*What the task asks:*
Starting at the line that contains "Jalonen, Riitta - Tanssikaa!, äänikirja" in the listing below, write out every line word for word until you have written the line that contains "Collection Of April".

*Data for analysis:*

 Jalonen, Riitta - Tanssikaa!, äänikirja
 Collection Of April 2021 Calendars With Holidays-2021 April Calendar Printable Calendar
* * *
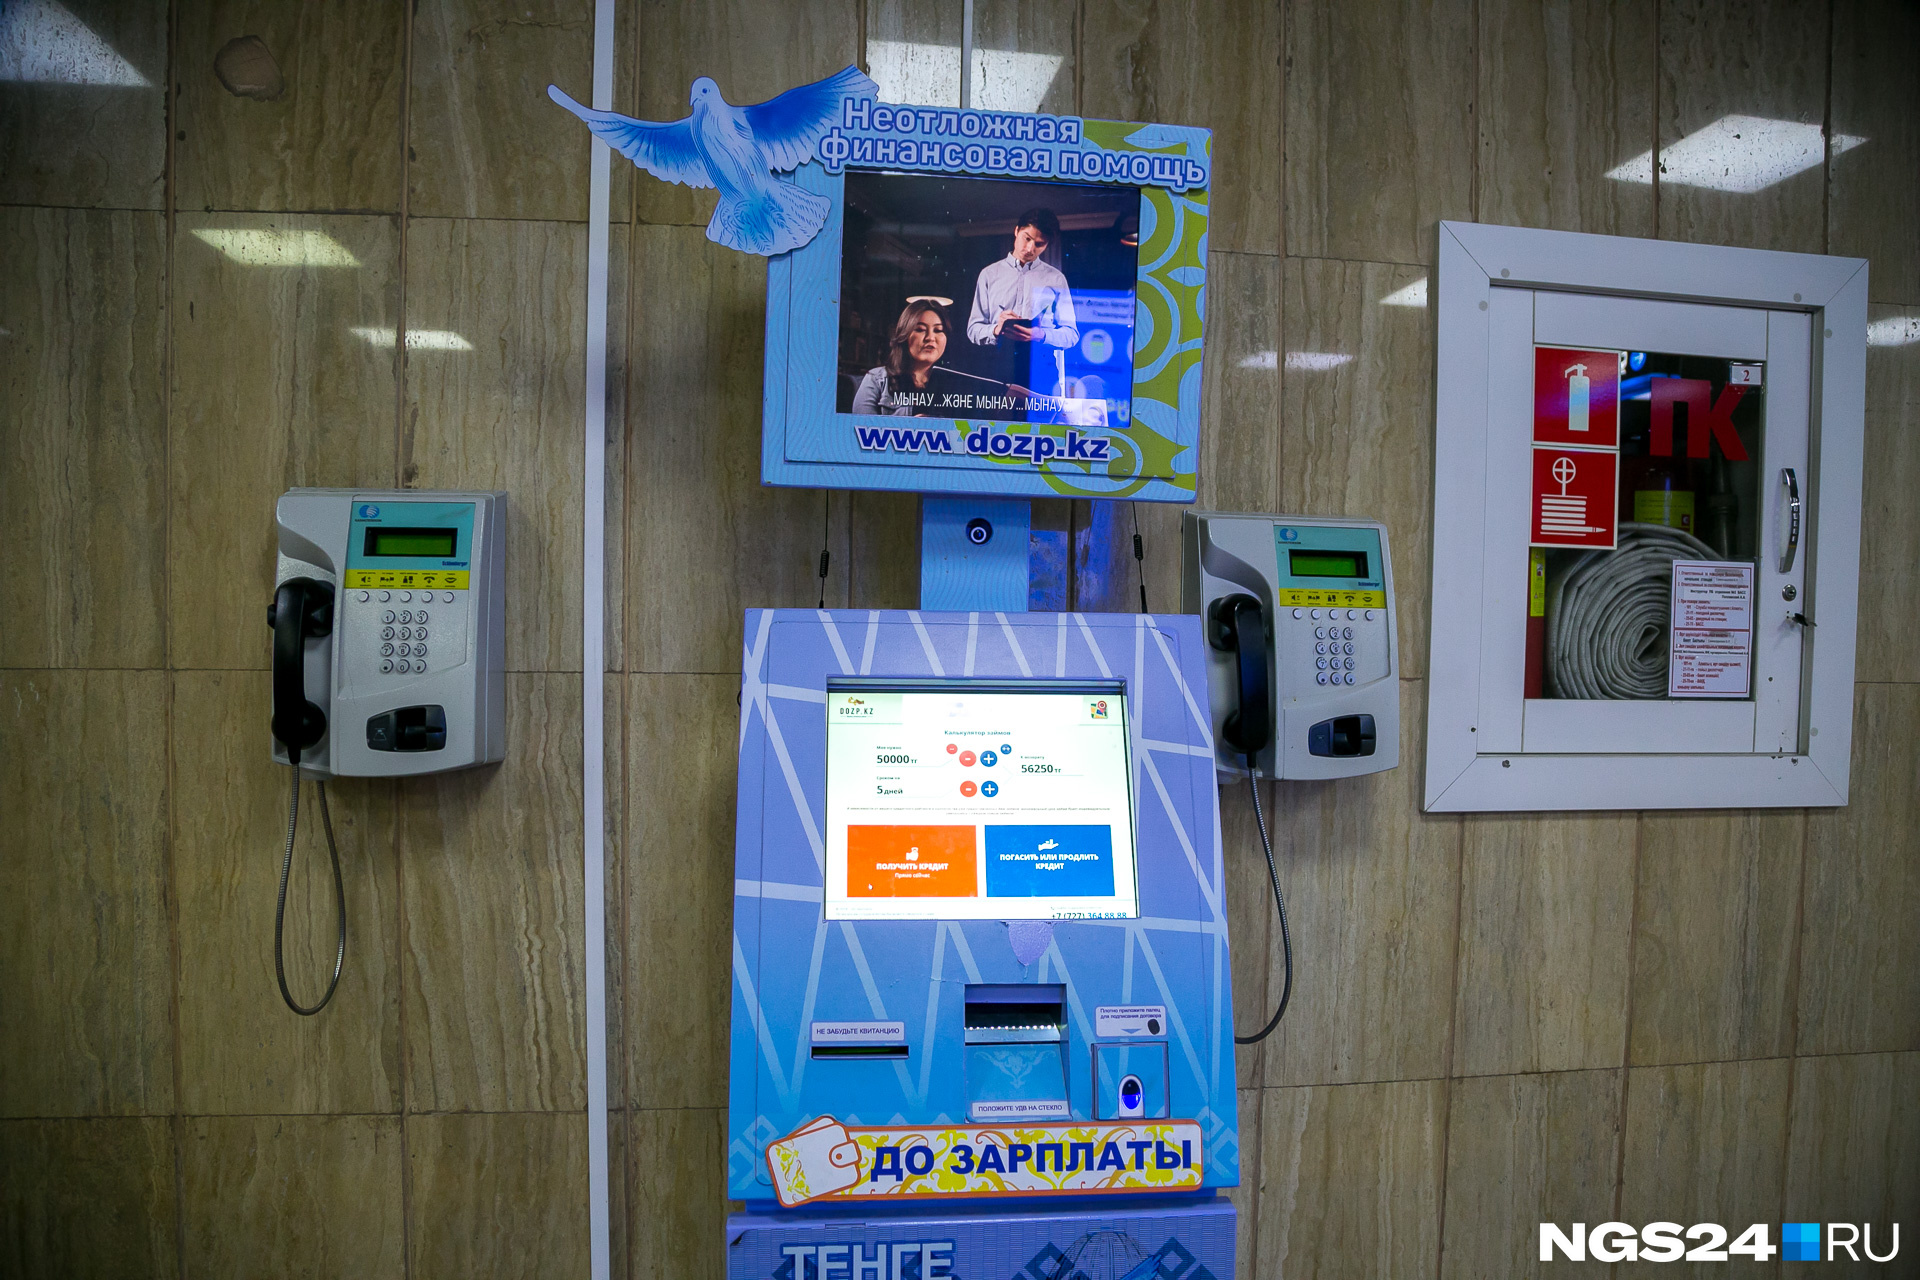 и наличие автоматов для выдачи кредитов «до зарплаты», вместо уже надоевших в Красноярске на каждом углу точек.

*Response area:*
 Jalonen, Riitta - Tanssikaa!, äänikirja
 Collection Of April 2021 Calendars With Holidays-2021 April Calendar Printable Calendar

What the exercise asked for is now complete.